Da sant’Areta alle suore di Aden, un giubileo straordinario per i martiri d’Arabia
Si apre oggi l’anno giubilare nella Chiesa d'Arabia a 15 secoli (era il 15 ottobre 523) dal massacro del santo di Najran e dei suoi compagni. Mons. Berardi: scoprire il “ricco passato cristiano nella Penisola arabica”. Vicario del Sud: rende più importante la “testimonianza preziosissima” di sangue delle missionarie della Carità.

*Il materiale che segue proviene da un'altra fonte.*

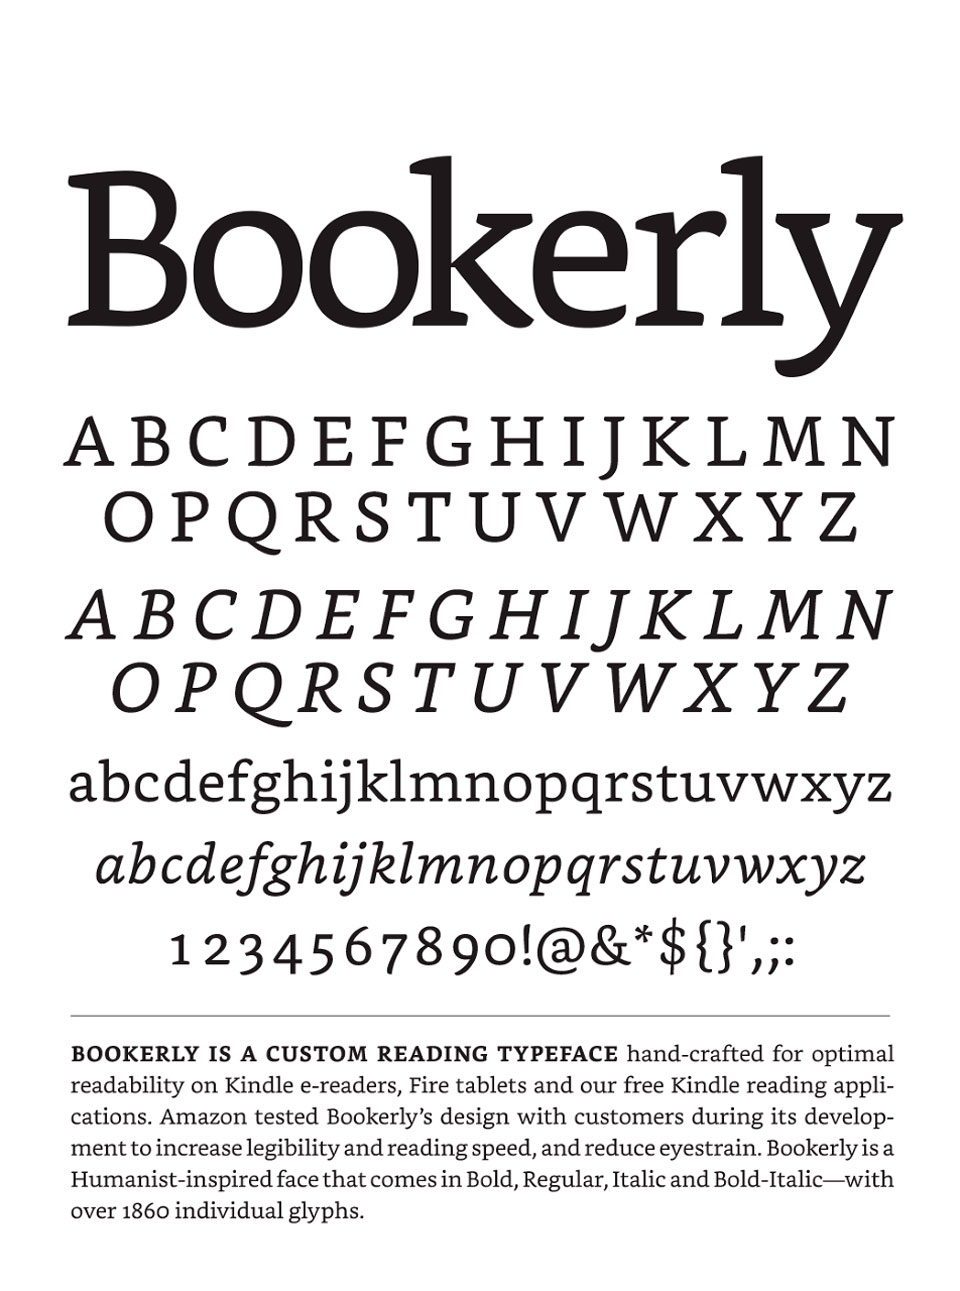 Bookerly es la nueva tipografía que sustituirá a Caecilia en los dispositivos Kindle.

Milano (AsiaNews) - Quella dei cristiani in Medio oriente, dai primi secoli ai giorni nostri, è una storia di sangue e martirio, è una testimonianza di fedeltà al Vangelo fra guerre, persecuzioni e violenze confessionali, di cui spesso sono “vittime collaterali”: l’ultimo esempio è dei cristiani rifugiati nelle adiacenze della chiesa greco-ortodossa di san Porfirio a Gaza, uccisi da un razzo israeliano nel conflitto in atto con Hamas nella Striscia e che rischia di infiammare tutta la regione. Prima ancora vi è l’esempio dei cristiani iracheni, che hanno pagato con la vita come avvenuto in occasione della strage alla chiesa siro-cattolica di Nostra Signora della Salvezza a Baghdad, il 31 ottobre del 2010, con un bilancio di 58 morti (fra i quali due sacerdoti) e oltre 70 feriti. Risale invece al primo millennio la vicenda di sant’Areta e compagni, conosciuti come i “martiri d’Arabia” di Najran, ricordati dai cattolici della Penisola arabica con un anno giubilare straordinario che inizia oggi e si concluderà il 23 ottobre 2024. Un tempo ideale per riscoprire il valore della loro presenza in una regione a larga maggioranza musulmana, in cui vi sono però tracce di comunità cristiane ben prima dell’ascesa dell’islam e di Maometto.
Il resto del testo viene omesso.